* _Source material_:
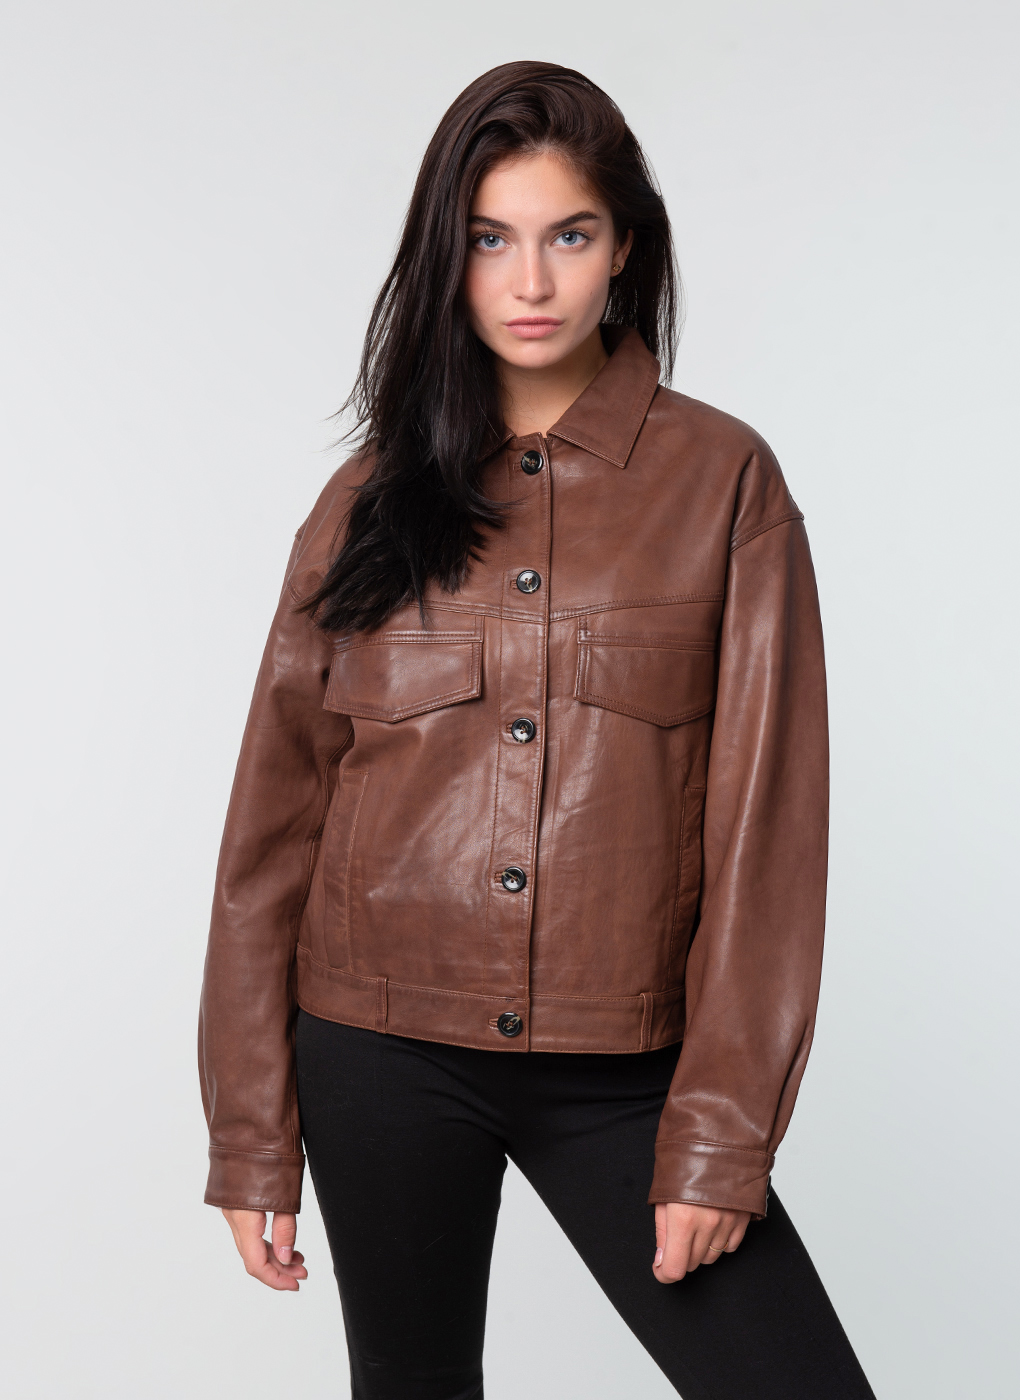 Кожаная куртка женская Каляев 62400 коричневая 54 RU
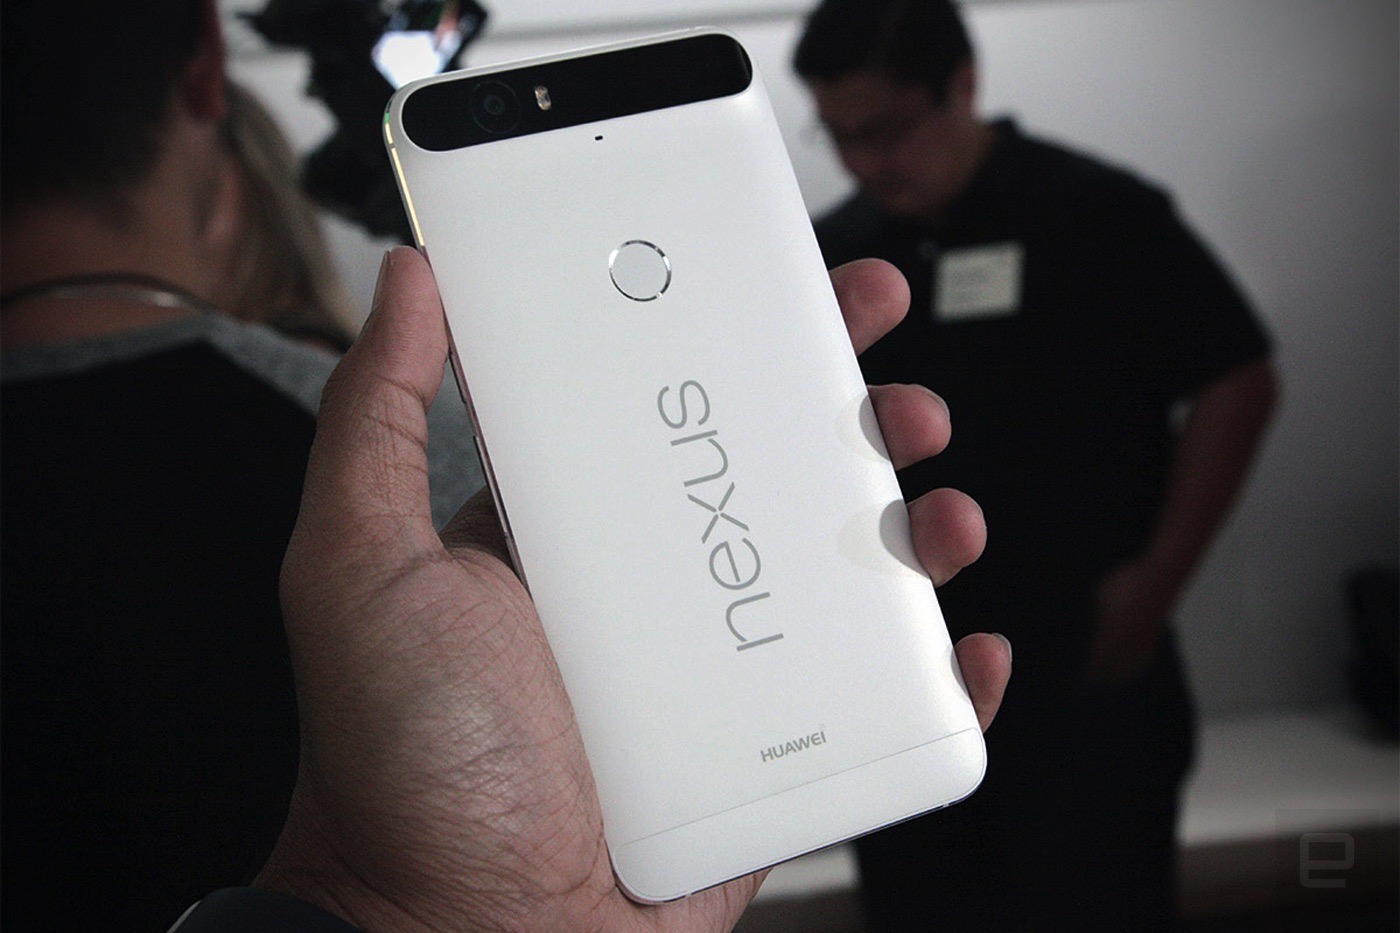 未来的 Nexus 产品可能会变得更加 Google
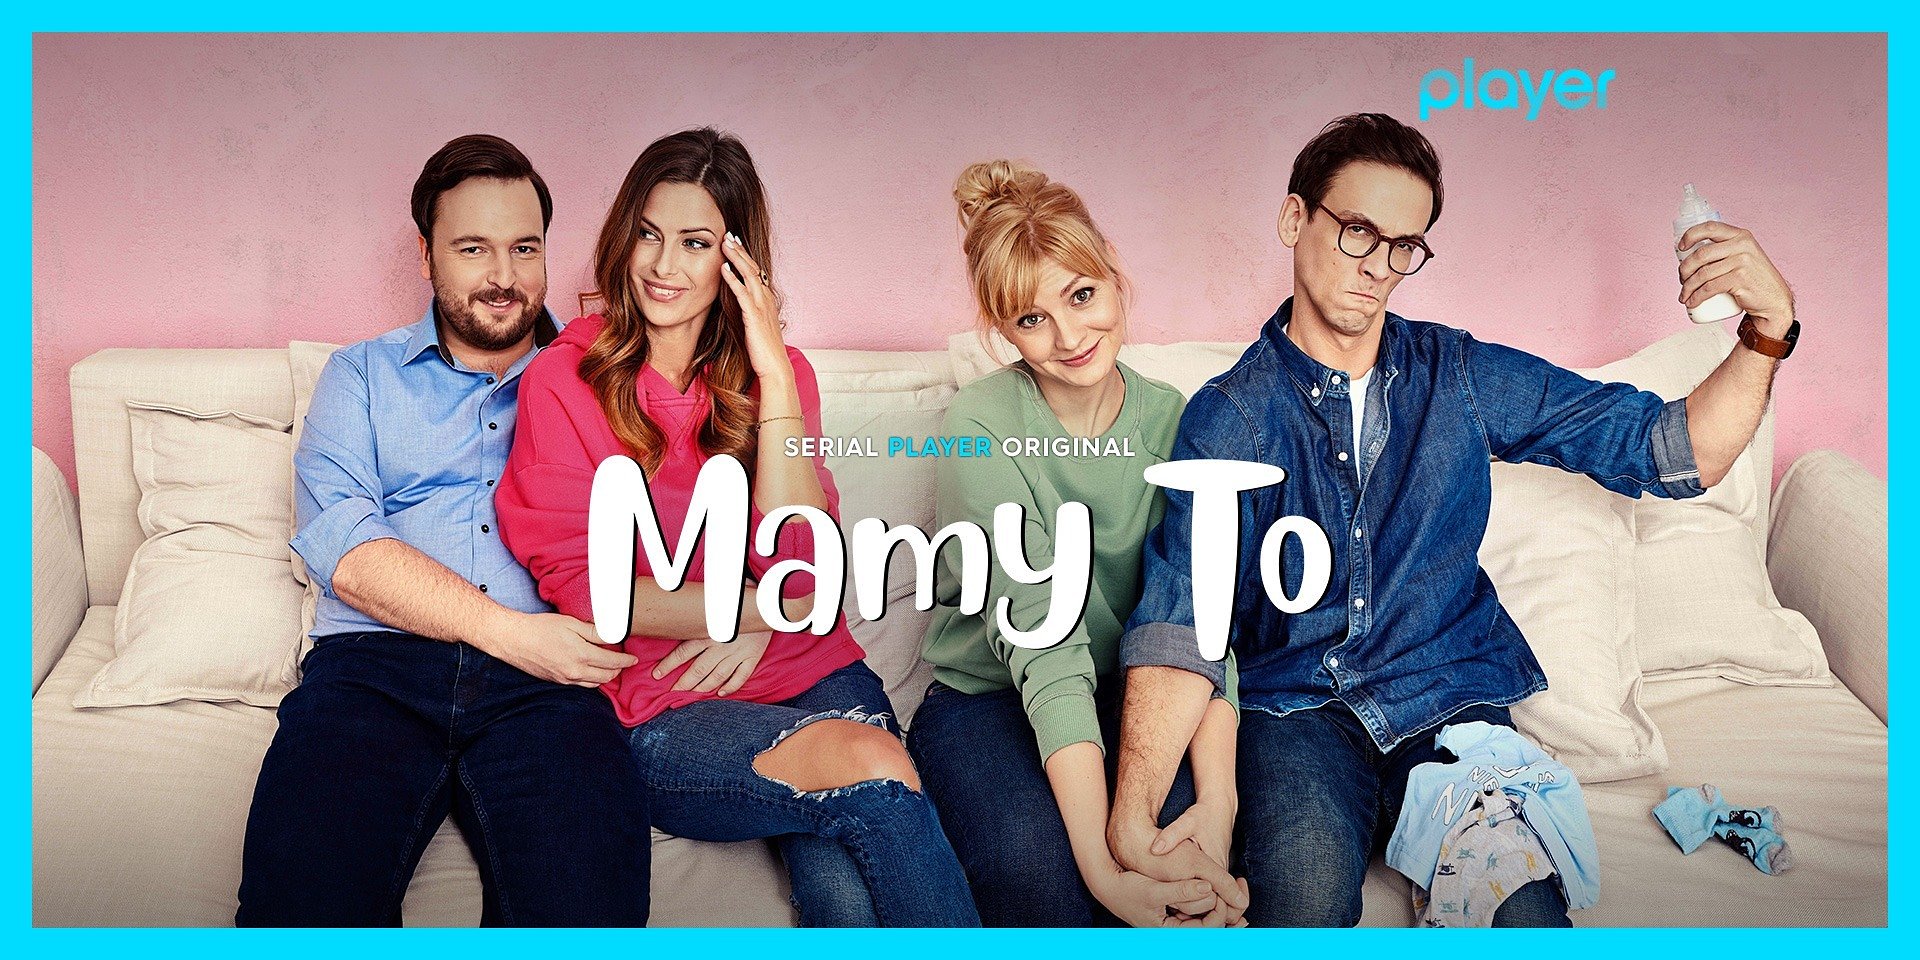 Nowy serial komediowy „Mamy to” dostępny już w marcu na platformie Player! O czym opowie?

* _Task brief_: Without changing a word, restate the listing above; the pictures stay out.

* _Answer for the task_:
 Кожаная куртка женская Каляев 62400 коричневая 54 RU
 未来的 Nexus 产品可能会变得更加 Google
 Nowy serial komediowy „Mamy to” dostępny już w marcu na platformie Player! O czym opowie?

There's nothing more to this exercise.